For Kan, as one can assume for most Singaporean men, his time on Pulau Tekong was life changing. It’s the ‘place of nightmares,’ his speaker reflects, haunted by everything he’s seen and heard. Clay Eaters attempts to put these ghosts of the past to rest. While not explicitly anti-war, the collection reveals the guilt of participating in military operations, and implicitly, in the ongoing displacement of Pulau Tekong’s native villagers. That version of Kan—at eighteen, the unwilling combatant—is now a ghost haunting the speaker of the present.

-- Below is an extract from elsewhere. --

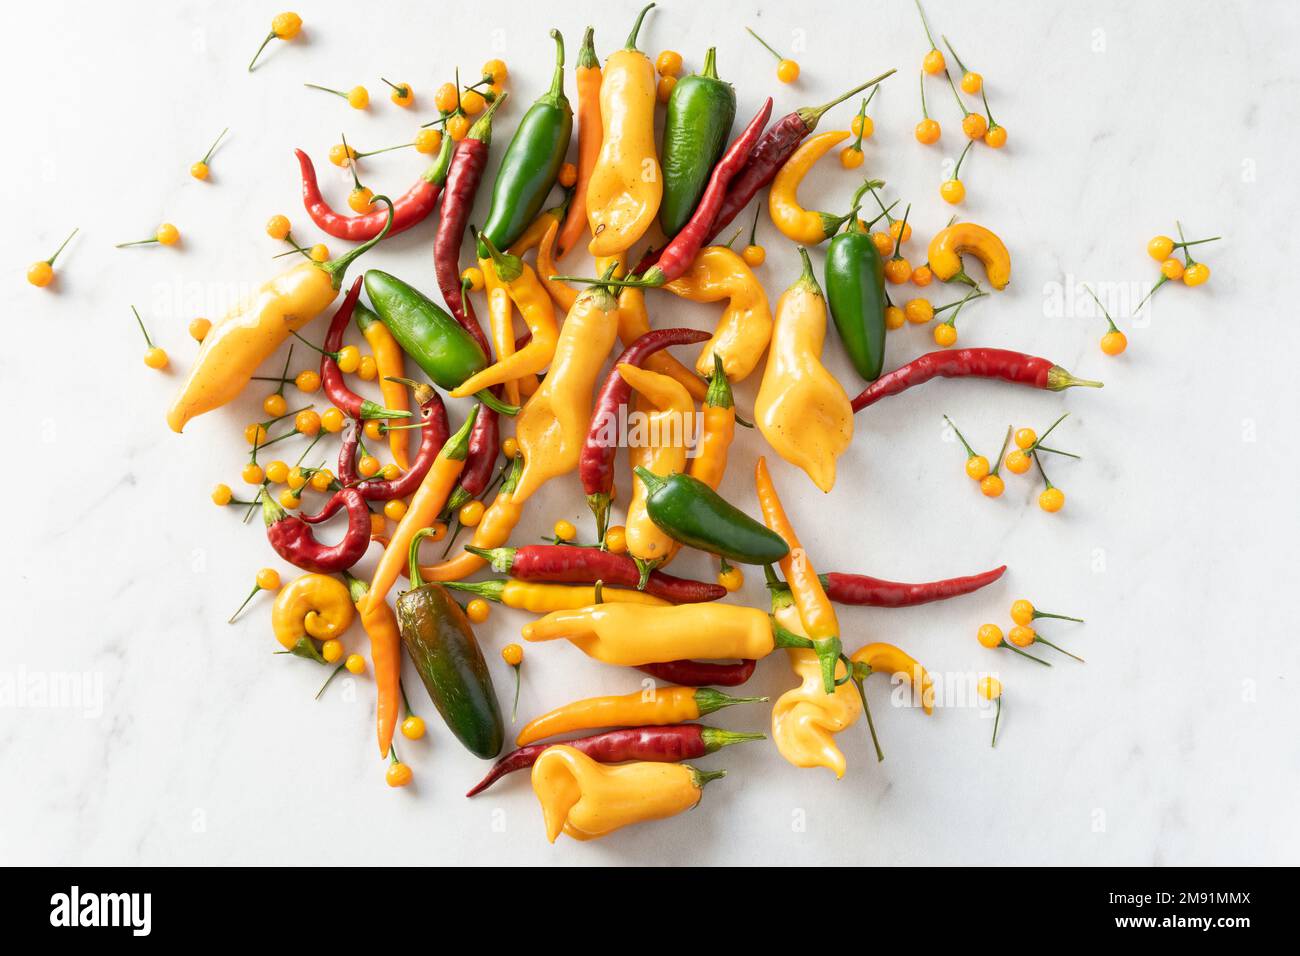 Bright yellow, green, and red chile peppers scattered on a white marble background; cooking Stock Photo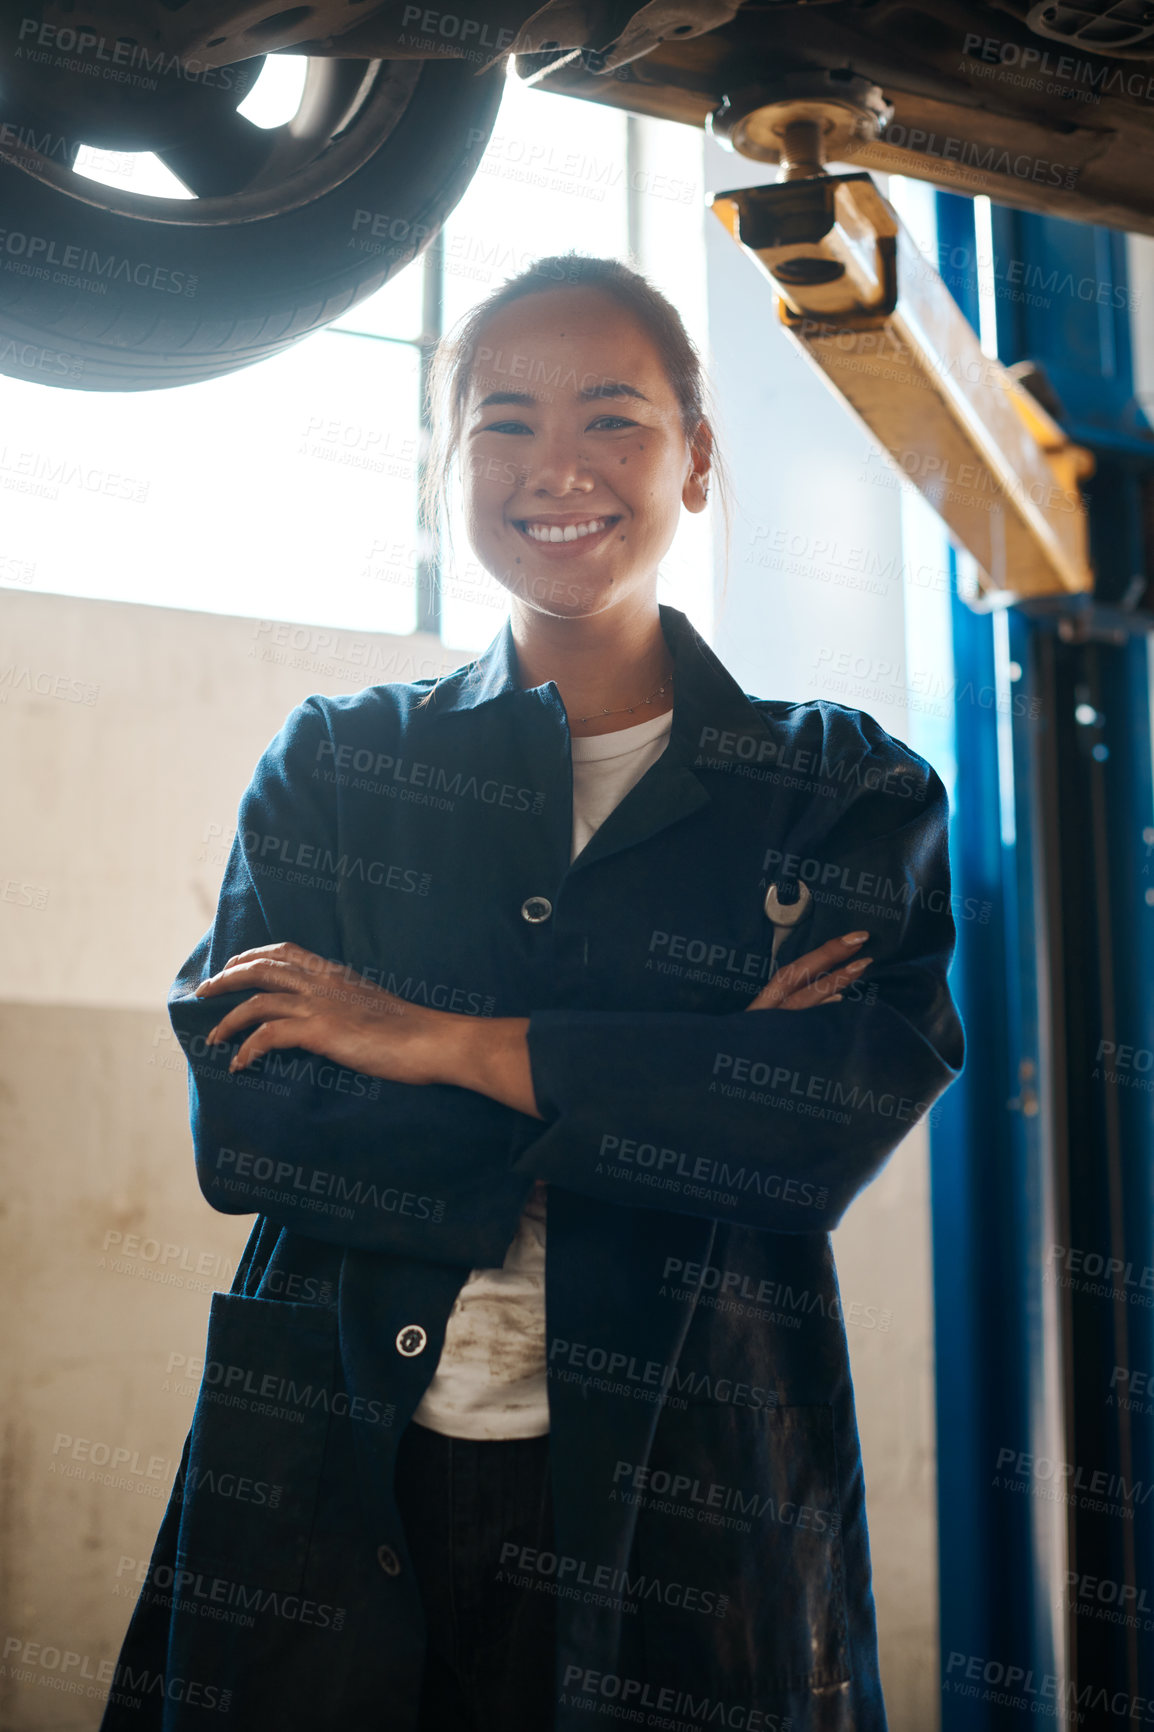 Buy stock photo Shot of a female mechanic posing with her arms crossed in an auto repair shop

The speaker constantly doubts his memories that ‘will not be / Still,’ as if there’s a disbelief in his past actions. ‘Every few years,’ he says, ‘I need someone to tell me / That what I thought happened / Actually happened.’ Clay Eaters is a collection about the kind of person Kan might have been, had he abstained from military service. It’s also about how different things might’ve been with his family if his siblings had not left to live overseas, or if his father hadn’t suffered a terrible illness. The speaker is left ‘to wander / Looking for what we have lost / On that other side of silence,’ as if contemplating these alternate realities and versions of himself. In a telling moment, the speaker admits to having not ‘been back to Singapore since the army.’ This startling collection of poems, however, suggests some corner of Pulau Tekong’s ‘red clay earth’ will always be with him.
Tim Grgec is a writer based in Te Whanganui-a-Tara—Wellington. His first book of poetry, All Tito’s Children, was published with Te Herenga Waka University Press in 2021.